## Dataset content
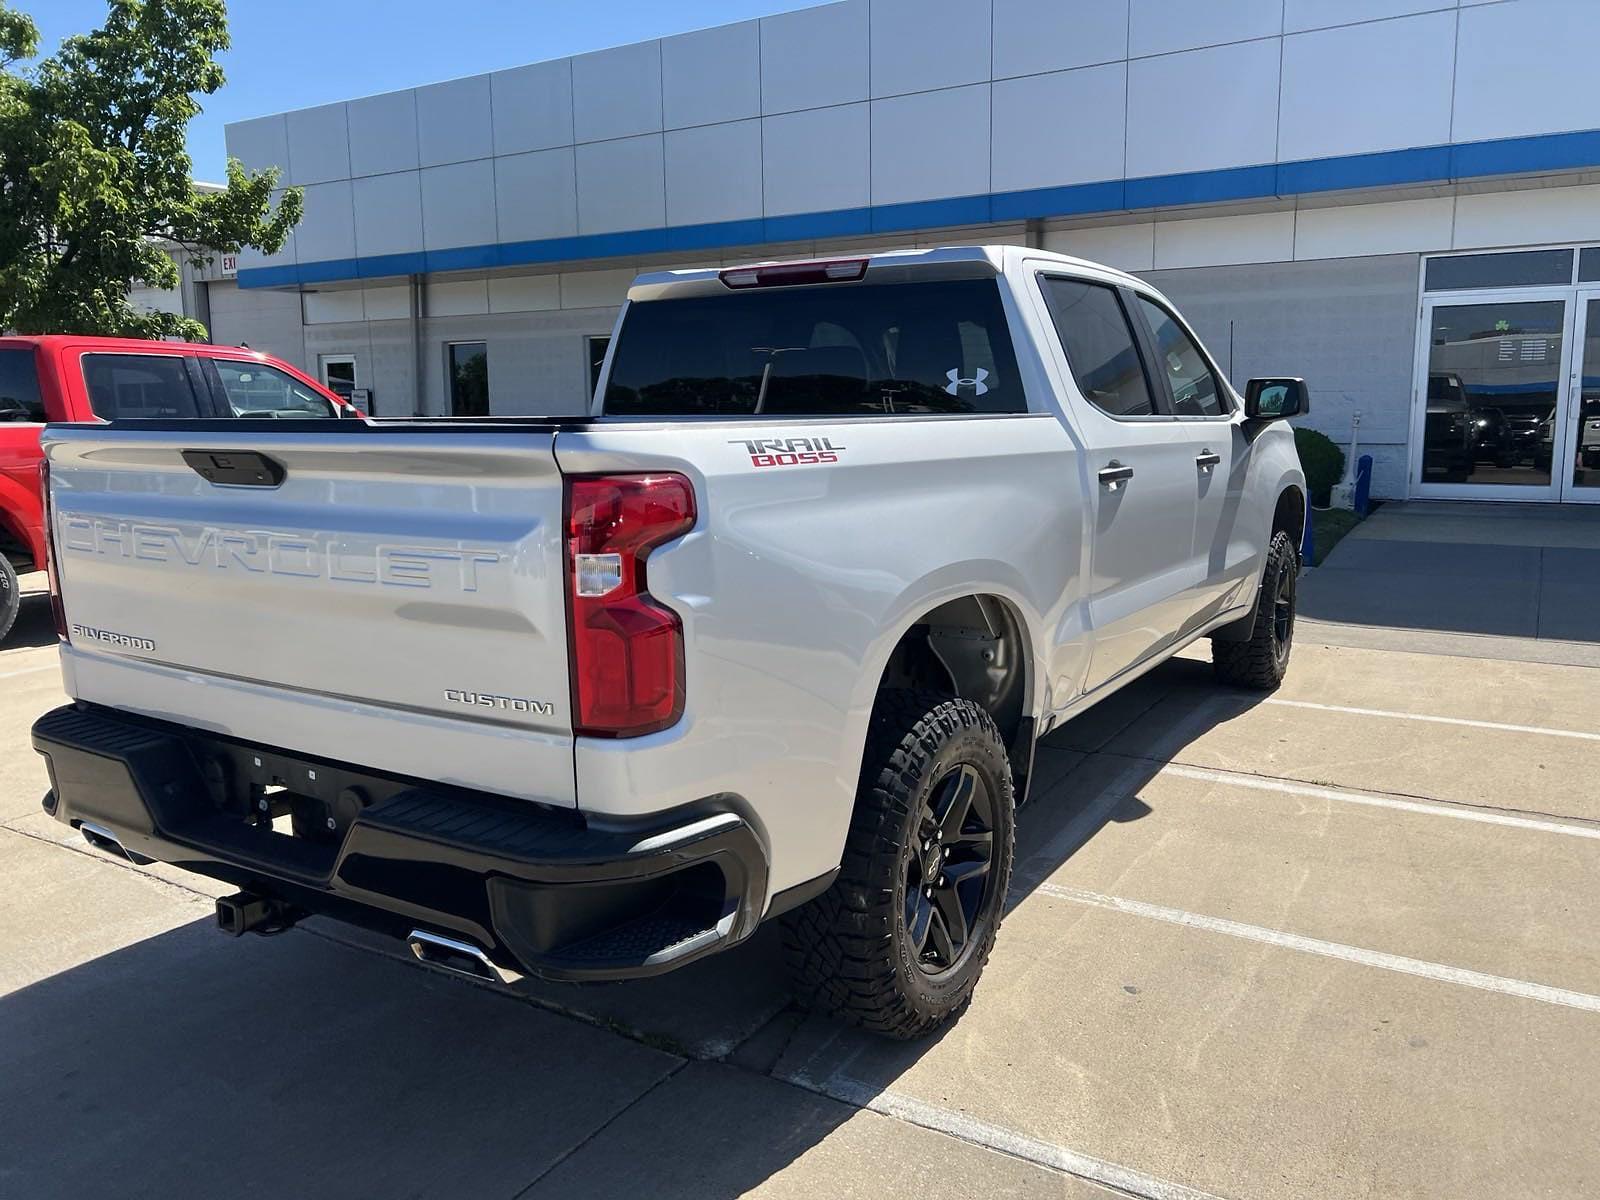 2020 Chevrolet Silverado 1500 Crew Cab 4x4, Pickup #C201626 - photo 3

* * *

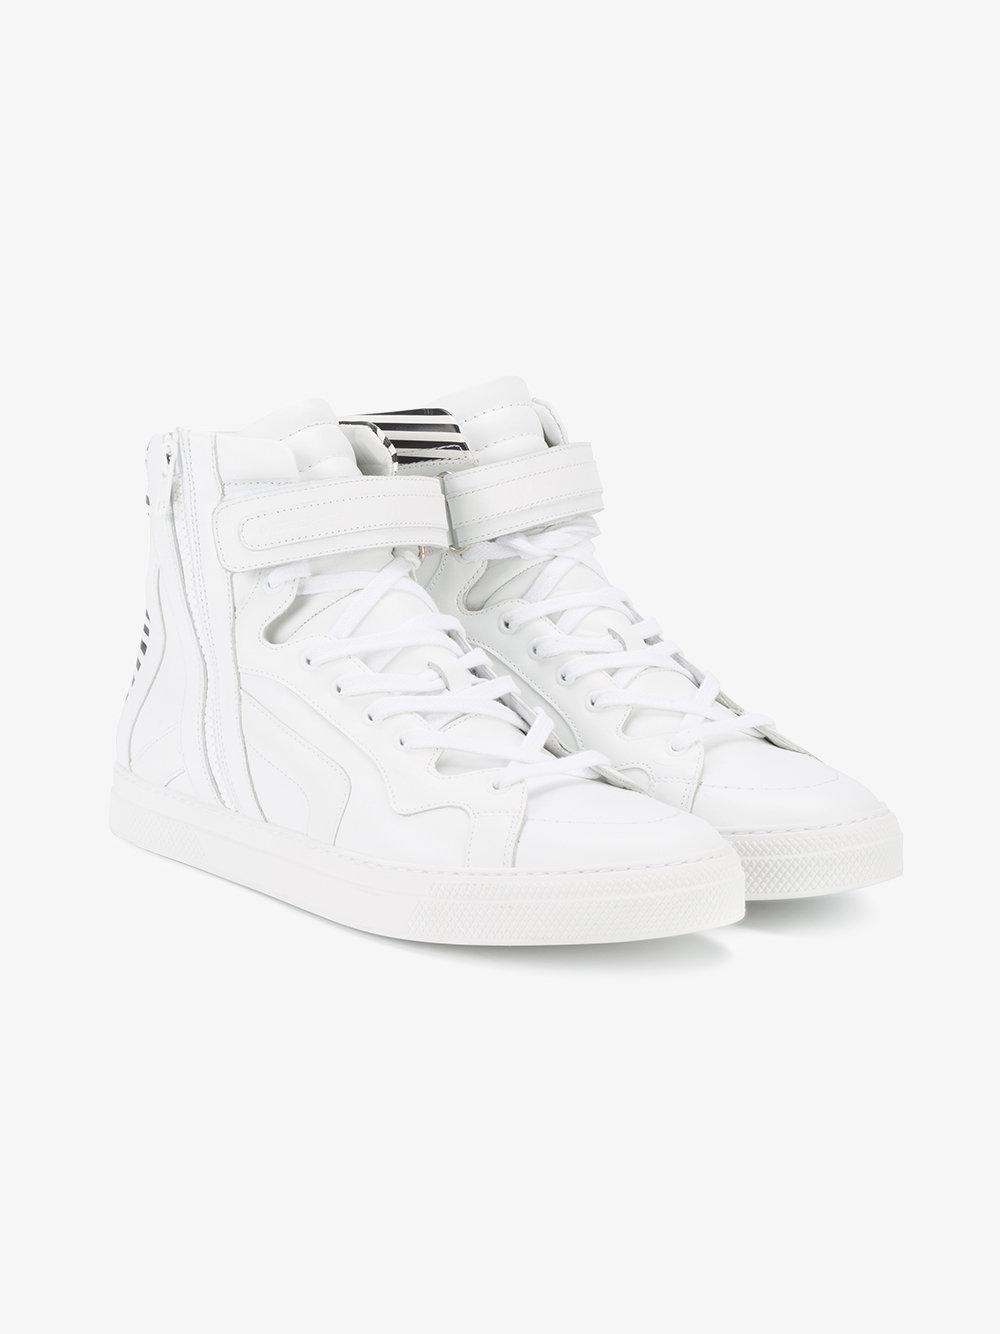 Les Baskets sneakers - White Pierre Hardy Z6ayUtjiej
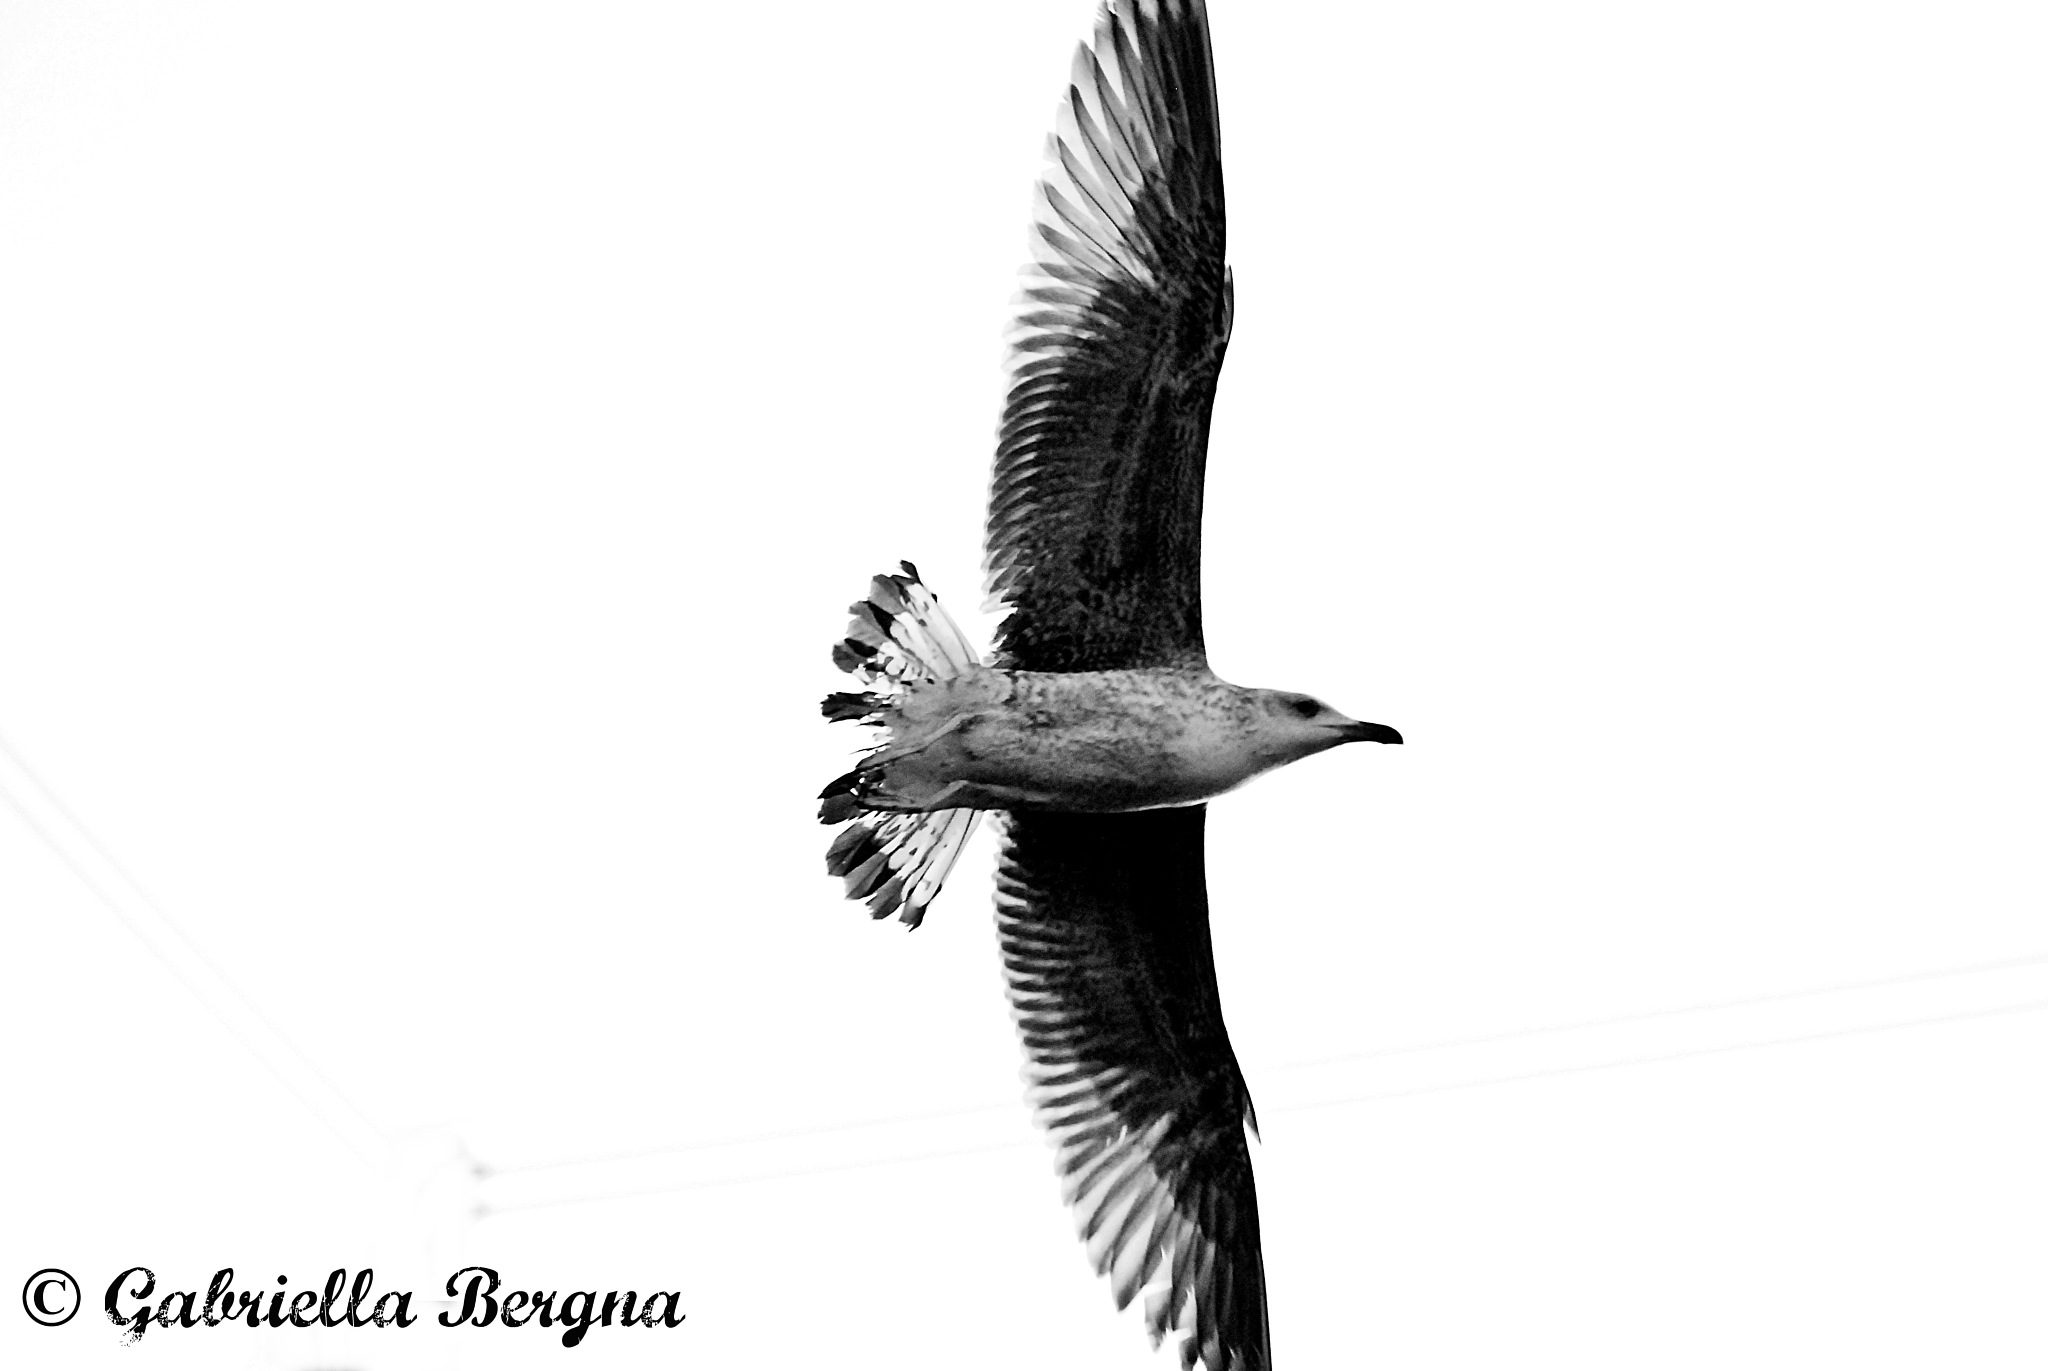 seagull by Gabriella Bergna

==

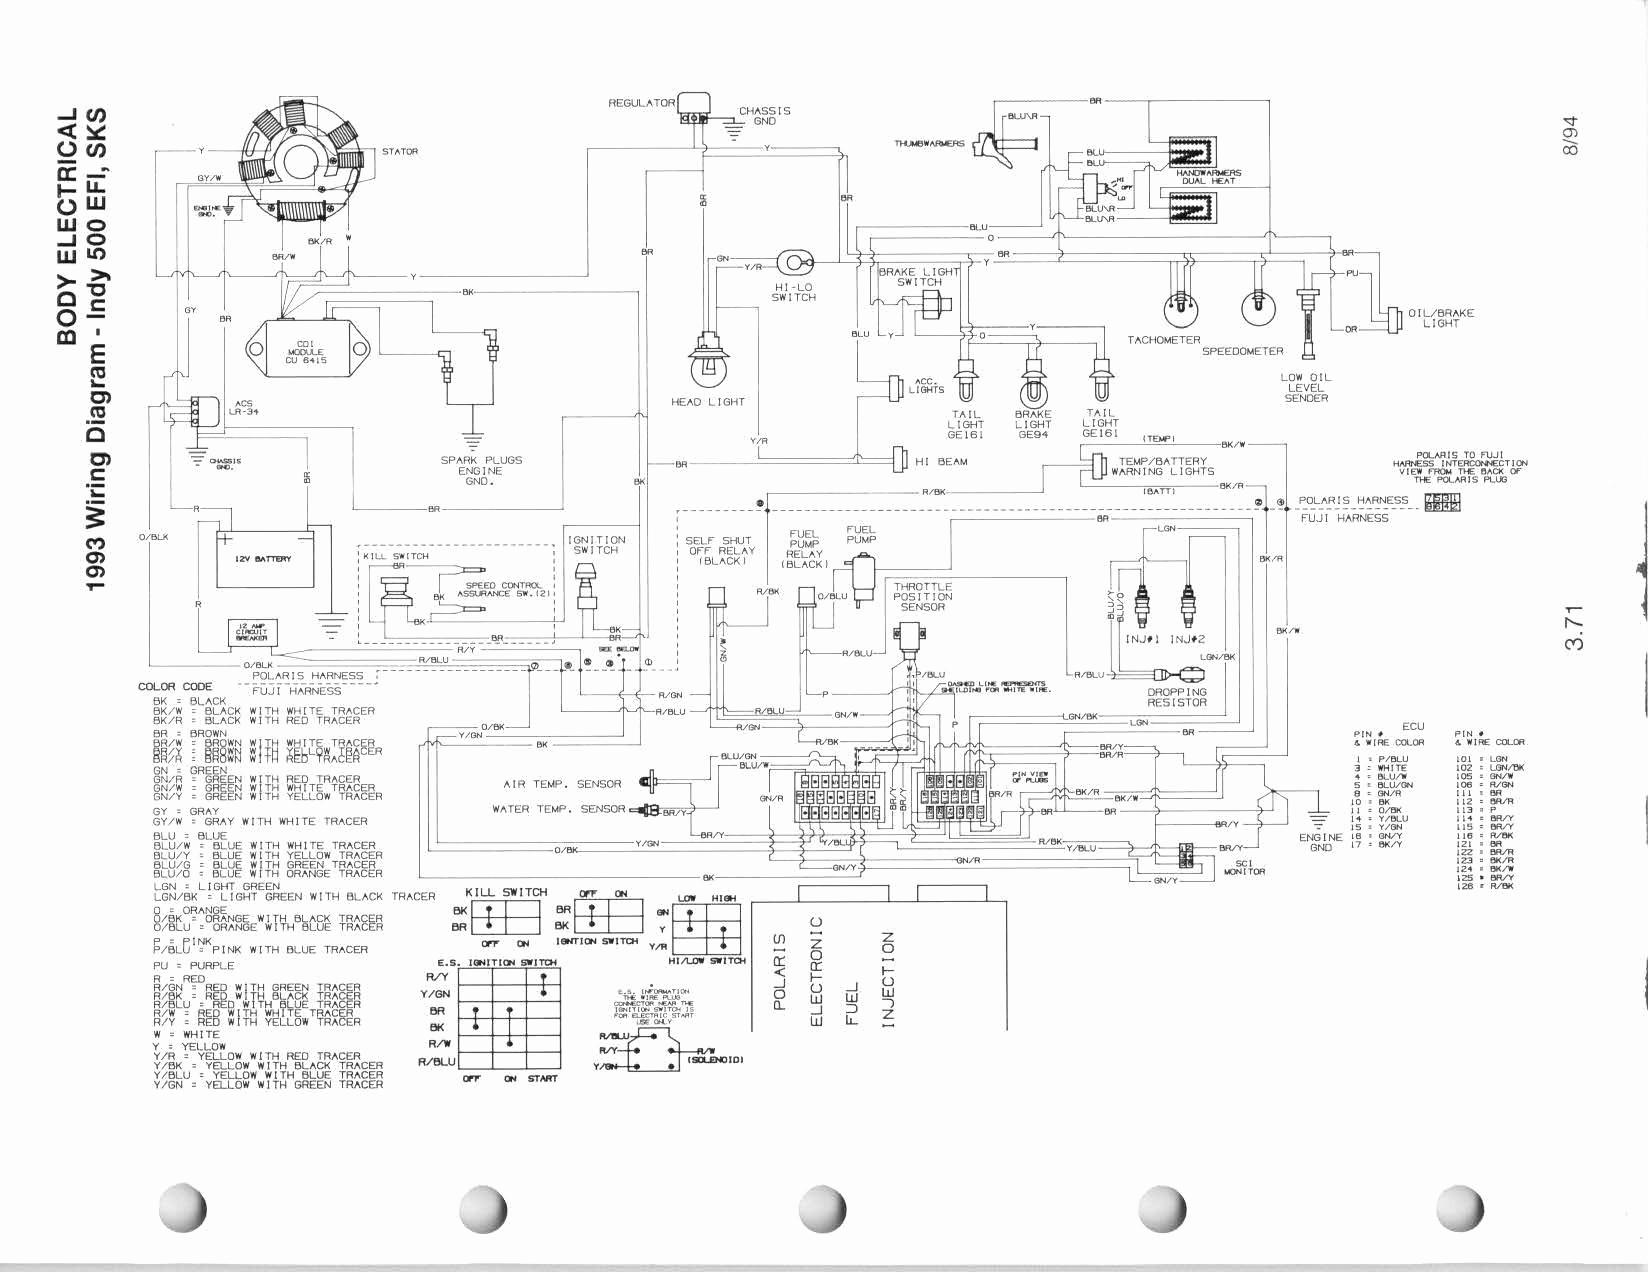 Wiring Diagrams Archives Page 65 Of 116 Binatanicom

## Work to complete
Given the records above, return the lines starting at the one that holds "Les Baskets sneakers" and ending at the one that holds "seagull by Gabriella Bergna", exactly, and nothing besides; leave every picture out.

## Answer to the exercise
 Les Baskets sneakers - White Pierre Hardy Z6ayUtjiej
 seagull by Gabriella Bergna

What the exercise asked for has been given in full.